Data in traditional “caching” data systems resides on secondary storage, and is read into main memory only when operated on. This limits system performance. Main memory data stores with data always in main memory are much faster. But this performance comes at a cost. In this paper, we analyze the costs of both in-memory operations and secondary storage operations where data is not “in cache”. We study the performance impact of cache misses on caching system performance. The analysis considers both execution and storage costs. Based on our analysis, we derive cost/performance results for a data caching system [Deuteronomy and its Bw-tree] and a main memory system [MassTree] to understand where each demonstrates the best cost per operation, what is driving the cost differences, and the scale of the differences. This analysis (1) provides insight into why data caching systems continue to dominate the market; (2) points to higher performance that does not rely on simply increasing main memory cache size; and (3) suggests a path to lower costs and hence better cost/performance.

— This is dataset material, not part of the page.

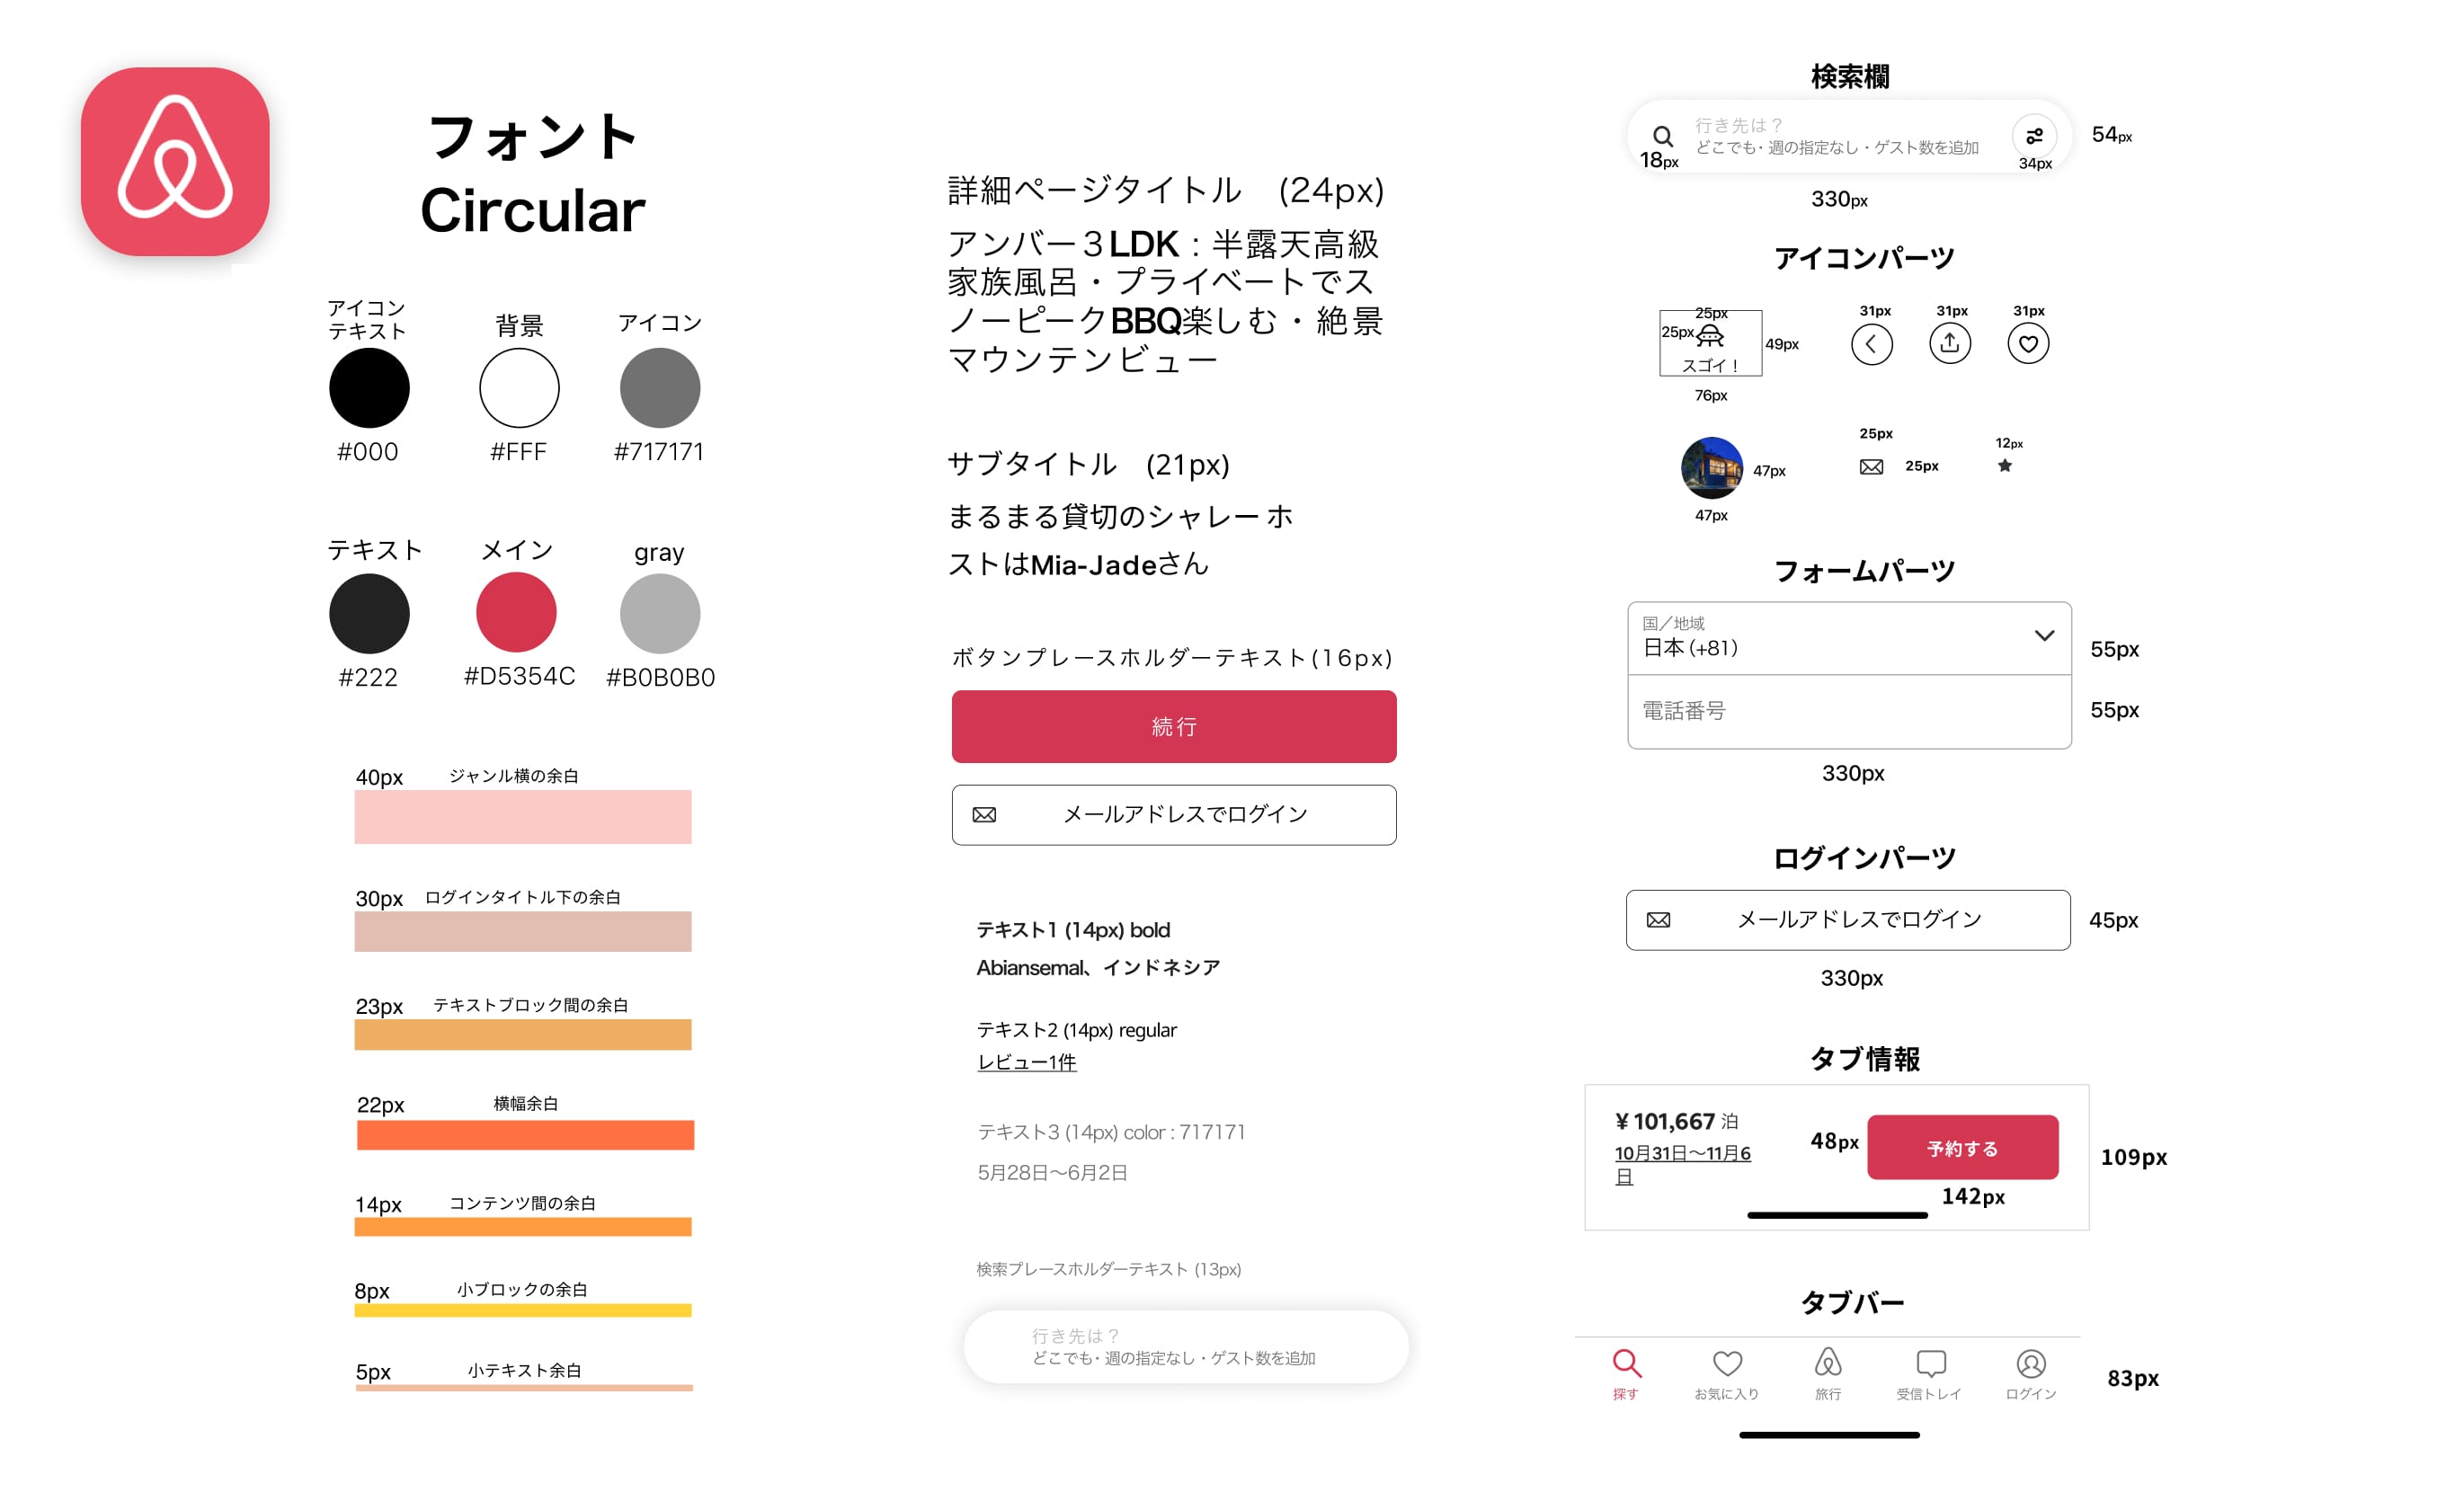 ④Airbnb

davelometDavid Lomet founded the Database Group at Microsoft Research Redmond in 1995 and managed it for 20 years. His research career began at IBM where, while on a 1975-76 sabbatical at the University of Newcastle-on-Tyne, he invented atomic actions (a form of transactions). He later worked at Wang Institute as a faculty member, and at Digital Equipment Corporation as a software architect and research staff member. He received a Ph.D. in computer science from the University of Pennsylvania. Lomet’s primary focus has been the engineering of database systems, with a focus on database system kernels. His work on concurrency control and recovery contributed to making DEC’s Rdb and Microsoft’s SQL Server database management systems leaders in cost/performance. His Deuteronomy research project’s latch-free Bw-tree index and log structure store are key elements in Microsoft’s Hekaton main memory database and Azure Cosmos DB cloud data service. Deuteronomy won the Microsoft Research Redmond “2017 Best Research Project” Award. Lomet is an author of over 120 papers, with two SIGMOD best paper awards, and over 60 patents. Lomet has won IEEE awards as well as the ACM SIGMOD Contributions Award, and at this conference the TCDE Service Award, for his 25 year tenure as EIC of the IEEE Data Engineering Bulletin. HE has also served as editor of ACM TODS, VLDB Journal and others, and has been a member of the VLDB Board. He has been a PC co-chair for ICDE and VLDB. He is a member of the IEEE Computer Society Board of Governors and society Secretary, and has been First Vice President and Treasurer. He is a fellow of IEEE, ACM, and AAAS, and a member of the National Academy of Engineering.